While Medifast appears richly valued with a
P/E of 42.11 and a Price/Sales ratio of 1.91, its
high P/E is easily justified once you look at its growth rate. According
to the latest earnings release the company grew revenues by 51% year-over-year and also raised its full
year guidance. Companies often achieve such high growth by sacrificing profits. However Medifast continues
to remain profitable over 24 consecutive quarters. Medifast is a small company with a market cap of just
$68.23 million and is still not on Wall Street's radar. Hence institutional ownership of this stock is just
3%. The million-dollar question regarding Medifast is whether it can grow fast enough to ever show up on
Wall Street's radar. If they can continue to maintain the excellent growth experienced over the last two
quarters, there is a good chance it will. To handle future growth, Medifast has already started implementing
an enterprise management solution.
Competitors:
Medifast's direct competitors are Slimfast (a division of Sara Lee),
Jenny Craig and Weight Watcher's International (WTW).
The Good:
- Attractive quarterly revenue growth of 51% year-over-year.
- A proven weight loss product that is backed by research at highly reputed institutions.
- Small company that has not yet been noticed by Wall Street.
The Bad:
- Medifast is a micro-cap stock and is thinly traded. Hence it can be susceptible to large price swings.
- Trouble converting high revenue growth into profits.
The Numbers:
| P/S |
1.91 |
Cash |
$4.3 Million |
| P/E |
22.04 |
Long Term Debt |
$4.3 Million |
Every month we will add the two stocks that are highlighted into
a model portfolio started with a cash position of $100,000 on August
2, 2005. To keep calculations simple, trading costs are not included.

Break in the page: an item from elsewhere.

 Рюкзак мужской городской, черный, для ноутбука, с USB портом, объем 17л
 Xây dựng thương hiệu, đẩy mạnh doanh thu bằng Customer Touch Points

Prices reflect the closing price as of the last day of the previous
month (November 30, 2005 for the December 2005 newsletter).
Model Portfolio - December 1, 2005
| Stock/Cash |
Number of Shares |
Cost |
Current Value |
Difference($) |
Difference(%) |
| TTM |
900@11.94/share |
$10,746 |
$10,746 |
$0 |
0% |
| MED |
2000@5.39/share |
$10,780 |
$10,780 |
$0 |
0% |
| STX |
700@14.49/share |
$10,143 |
$13,244 |
$3,101 |
30.57% |
| ROST |
350@27.04/share |
$9,464 |
$9,625 |
$161 |
1.7% |
| NOK |
600@16.91/share |
$10,146 |
$10,248 |
$102 |
1.01% |
| PEET |
300@30.61/share |
$9,183 |
$9,315 |
$132 |
1.44% |
| WIT |
1000@9.91/share* |
$9,910 |
$11,000 |
$1,090 |
11% |
| ORCC |
1000@9.59/share |
$9,590 |
$11,720 |
$2,130 |
22.21% |
| AIRN |
1700@5.62/share |
$9,554 |
$9,996 |
$442 |
4.63% |
| ATYT |
800@13.05/share |
$10,440 |
$13,088 |
$2,648 |
25.36% |
| Cash |
|
|
$44 |
|
|
| Total |
|
|
$109,806 |
$9,806 |
9.81% |
* Price and number of shares adjusted for Wipro to reflect split.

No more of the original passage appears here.